ARETHA #29

322 58 1
                                    

Plak!
Sekali lagi Aretha menampar Natha, kali ini bukan didepan orang-orang seperti yang dia lakukan tadi di kelas. Tapi kali ini mereka sedang berada di taman belakang kampus yang sepi.

Hanya mereka berdua tidak membuat Aretha takut, justru ini adalah kesempatan bagus untuk membongkar sifat asli Natha. Si biang kerok yang sudah mengambil paksa keperawanan Karisa. Aretha fikir mereka sahabat, ternyata Natha lebih rendah dari pada manusia jalang dipinggiran kota malam yang terlihat selalu mengerikan dan menyedihkan.

Pipi kanan dan kiri Natha sudah setengah merah, lelaki itu hanya diam. Seperti sedang menahan amarah pada gadis didepannya.

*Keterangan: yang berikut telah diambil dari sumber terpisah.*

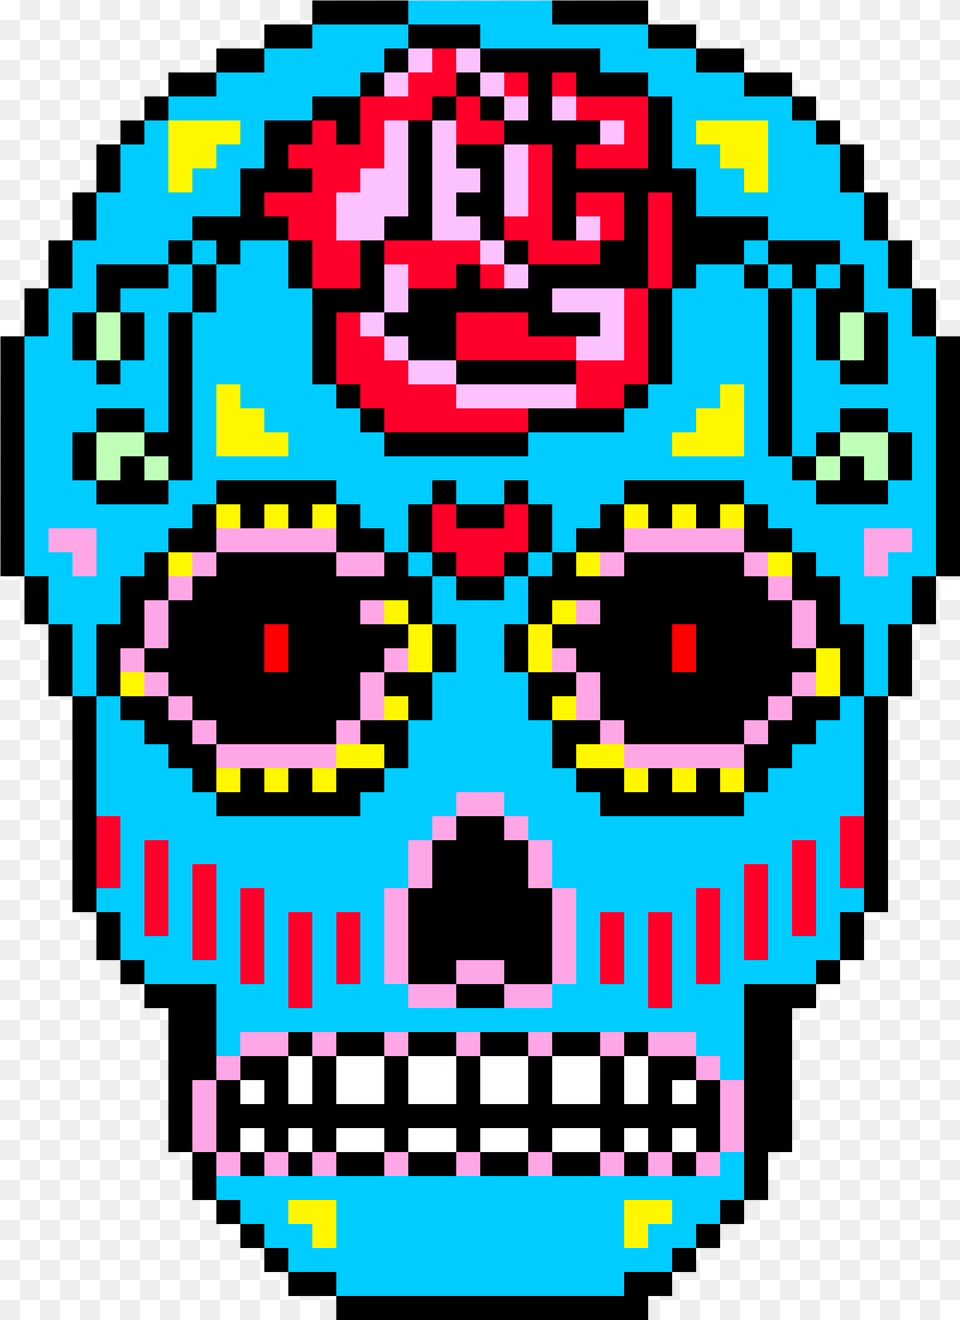 Sugar Skull Pixel Art Dessin Pixel De Tete De Mort, Pattern, Qr Code Free Png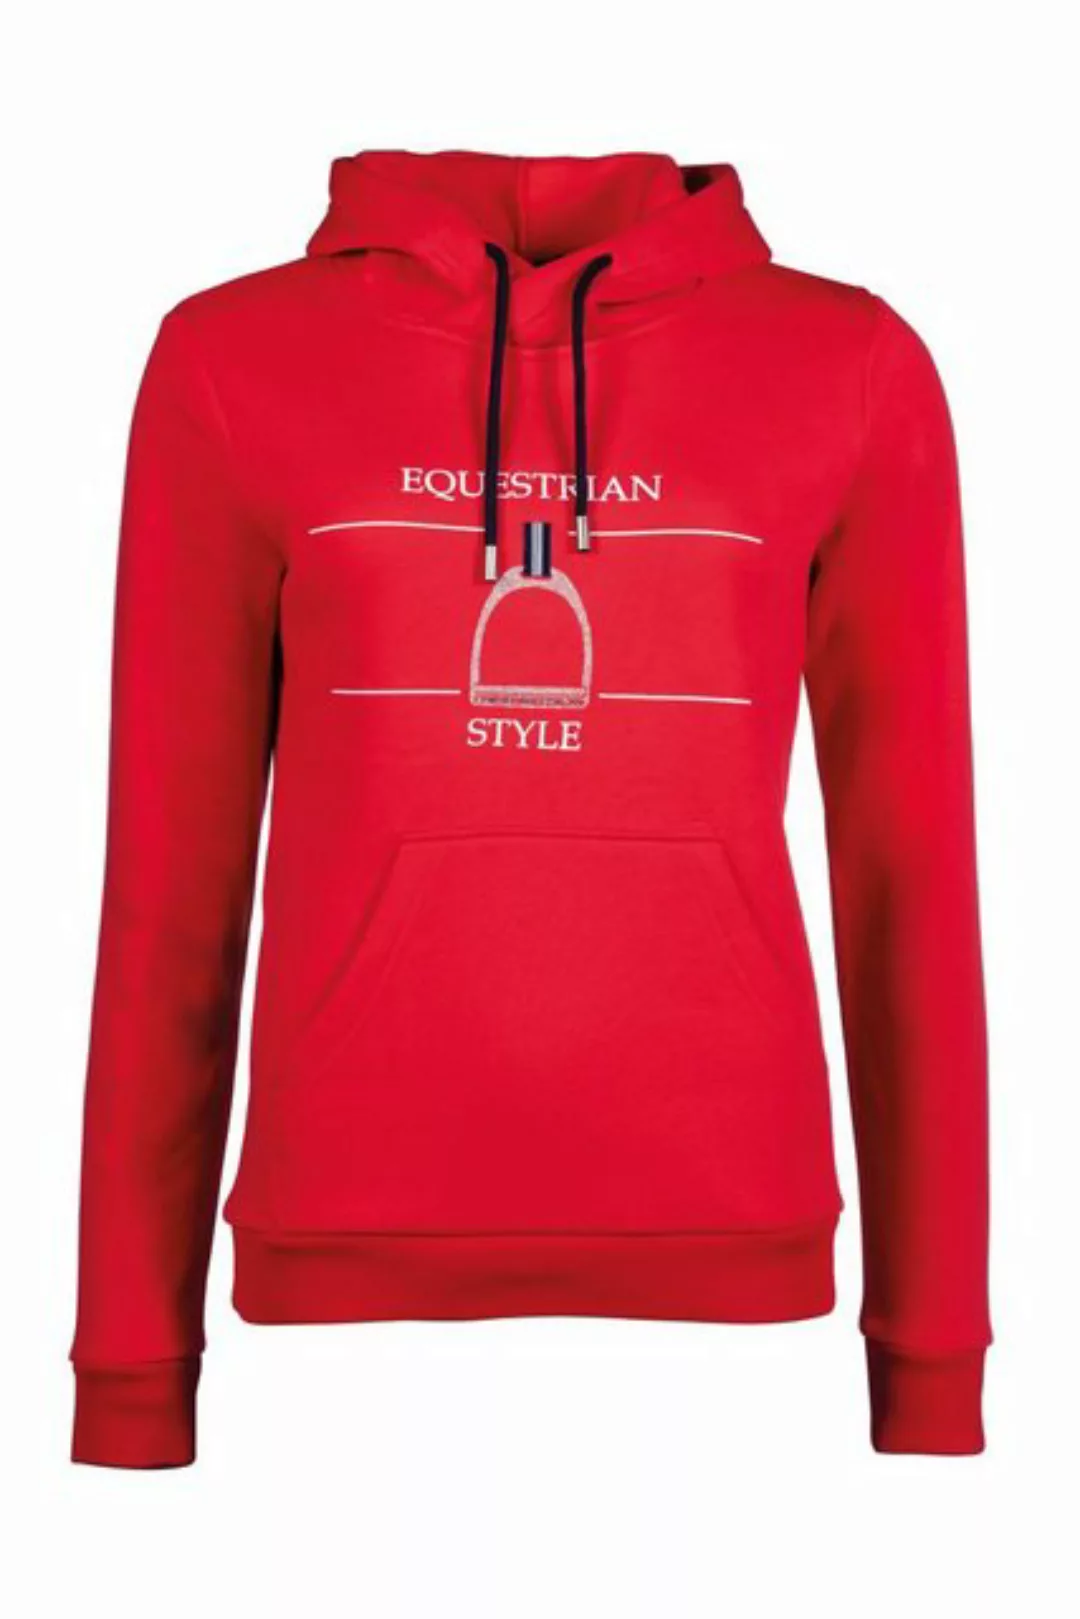 HKM Sweater Hoody -Equine Sports- Style günstig online kaufen

"Maksud lo nampar gue apa?" Natha berdecih sinis, dan inilah sifat aslinya. Semua senyum dan keramahan yang ia berikan waktu pertama kali bertemu hingga sekarang adalah palsu. Setidaknya begitu yang Aretha tangkap.

"Menurut lo?" Aretha tesernyum meledek, namun maaf sebentar lagi mungkin Bomnya akan meledak. Dan itu gara-gara lelaki buaya seperti Natha yang sudah merusak kehormatan perempuan.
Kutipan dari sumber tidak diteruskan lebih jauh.